> [STORED DATA]
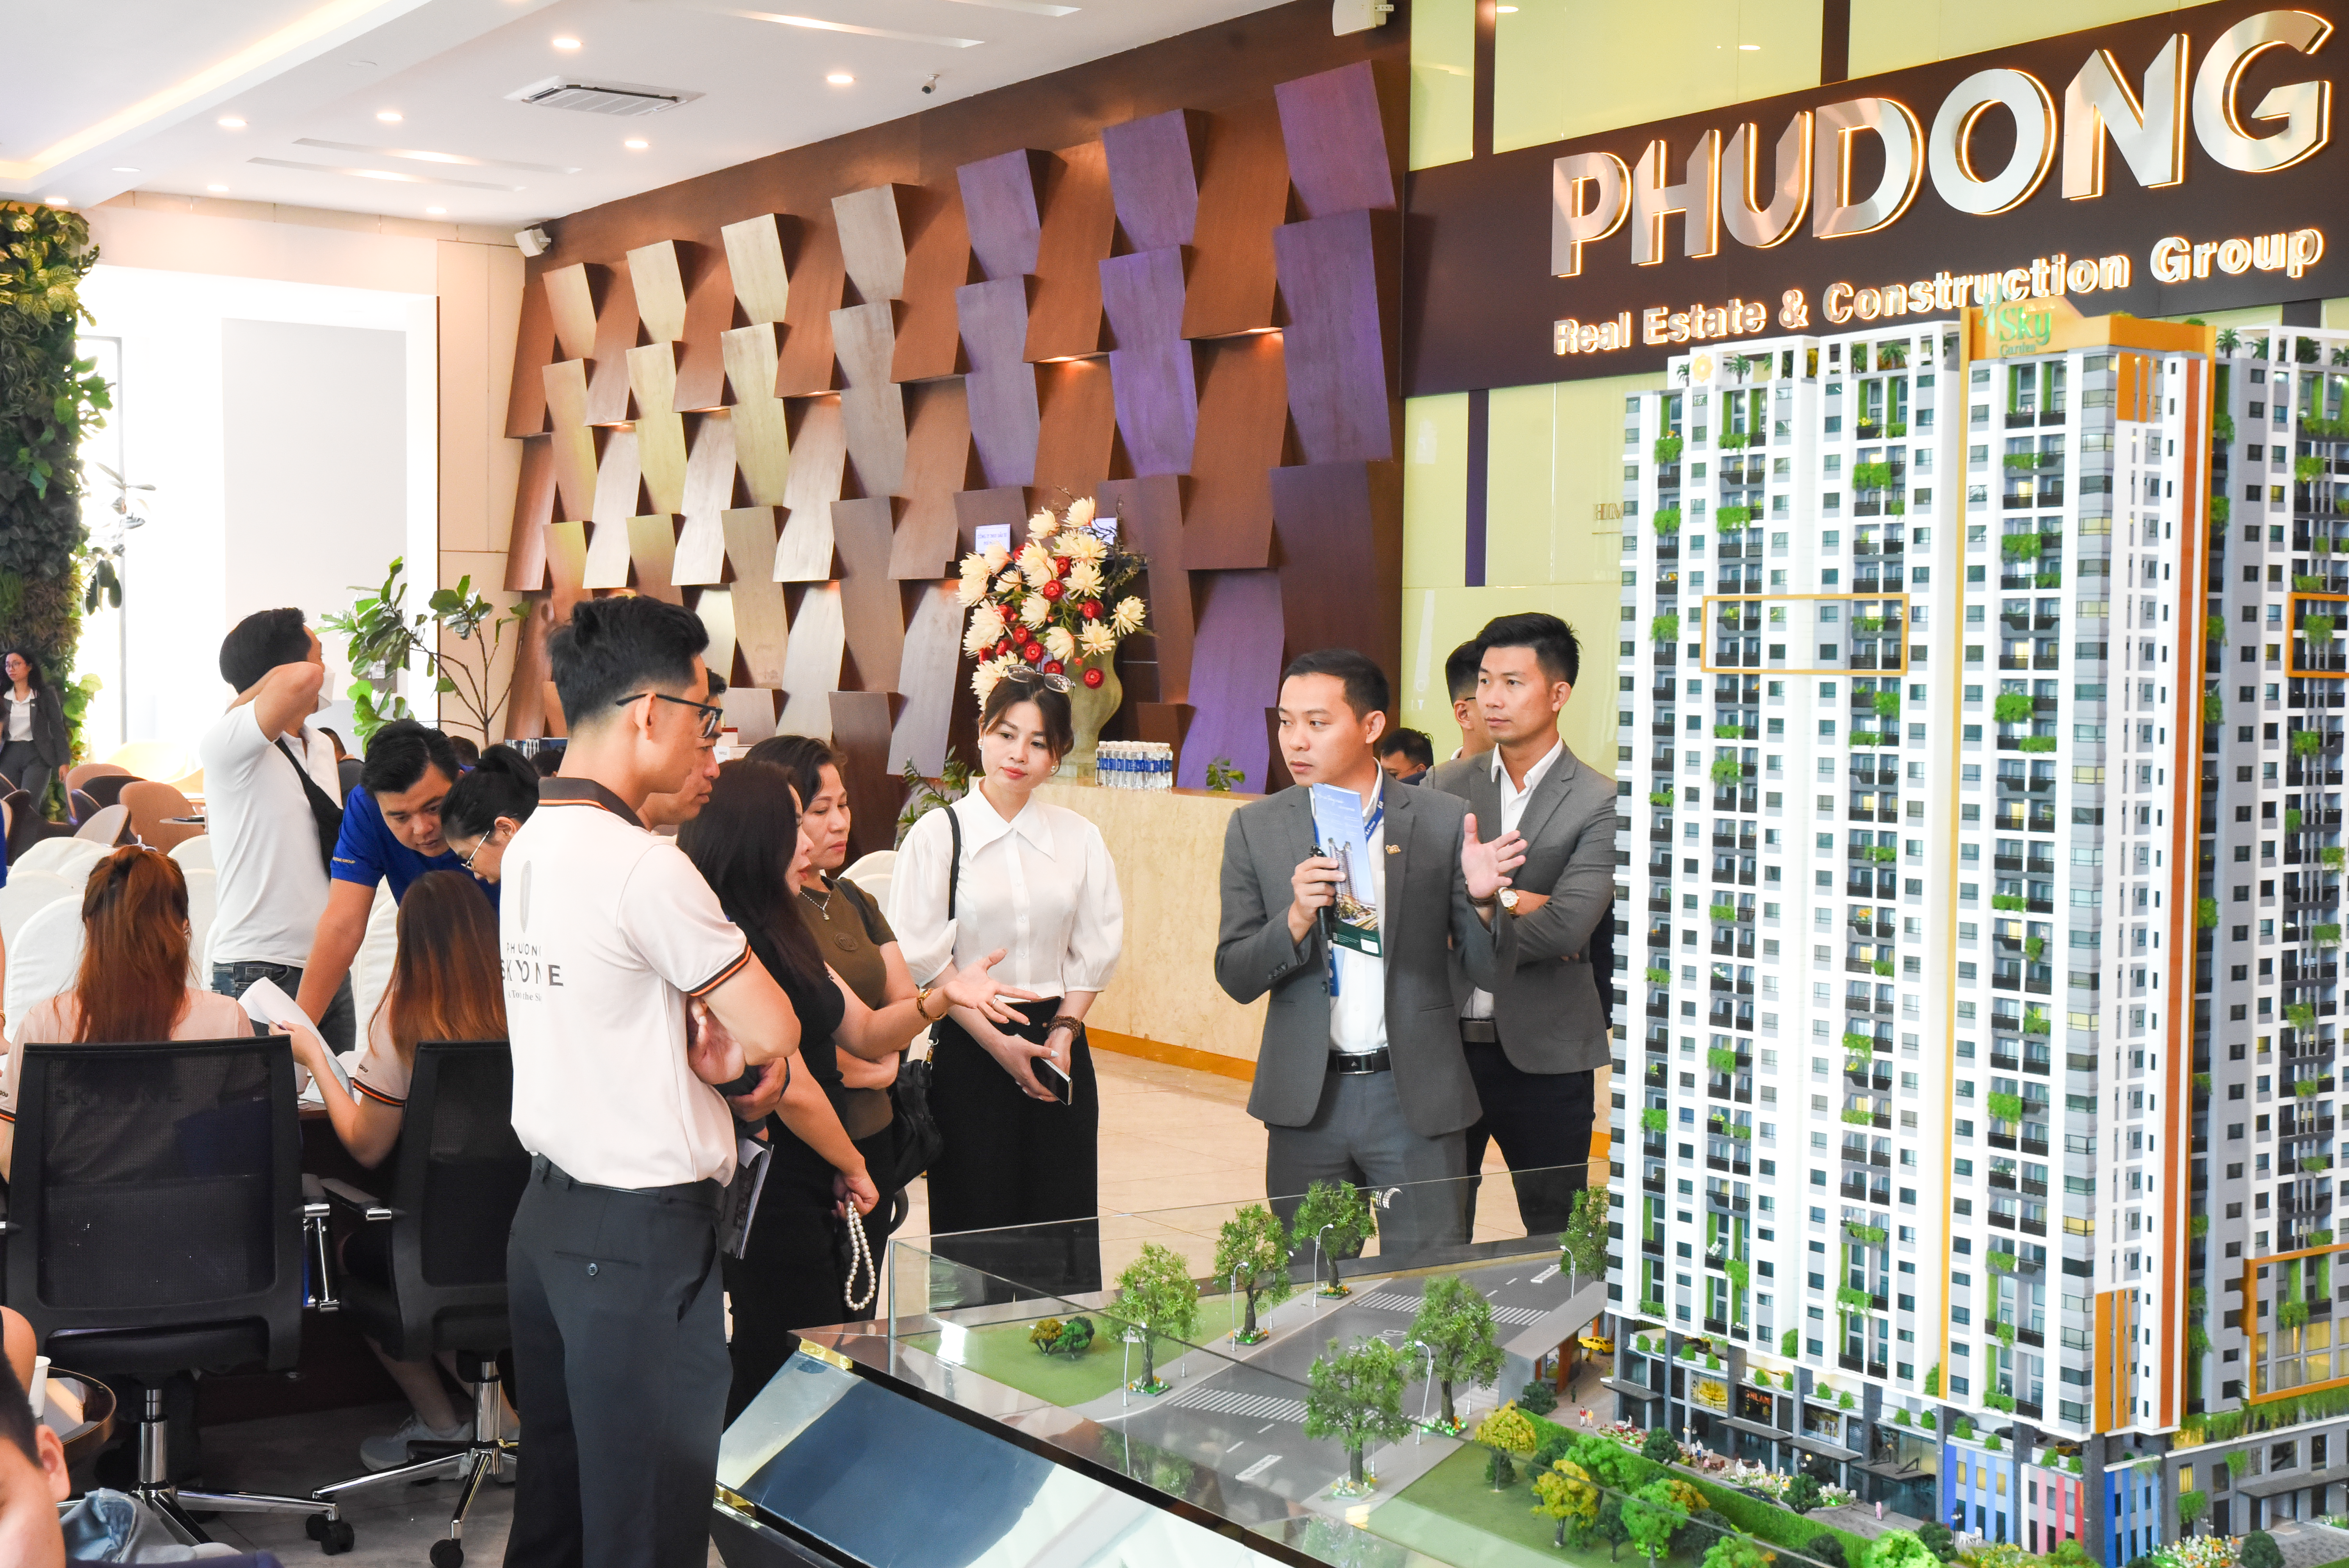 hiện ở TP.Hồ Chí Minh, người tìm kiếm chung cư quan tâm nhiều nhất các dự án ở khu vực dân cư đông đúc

==

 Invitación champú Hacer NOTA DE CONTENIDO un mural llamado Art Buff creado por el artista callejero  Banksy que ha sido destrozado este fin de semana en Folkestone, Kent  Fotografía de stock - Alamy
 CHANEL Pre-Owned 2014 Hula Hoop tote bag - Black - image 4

> [ACTIVITY] Restate word for word the entries above from the line with "Invitación champú Hacer" through the line with "CHANEL Pre-Owned 2014", inclusive, leaving out everything else.

> [EXPECTED ANSWER]
 Invitación champú Hacer NOTA DE CONTENIDO un mural llamado Art Buff creado por el artista callejero  Banksy que ha sido destrozado este fin de semana en Folkestone, Kent  Fotografía de stock - Alamy
 CHANEL Pre-Owned 2014 Hula Hoop tote bag - Black - image 4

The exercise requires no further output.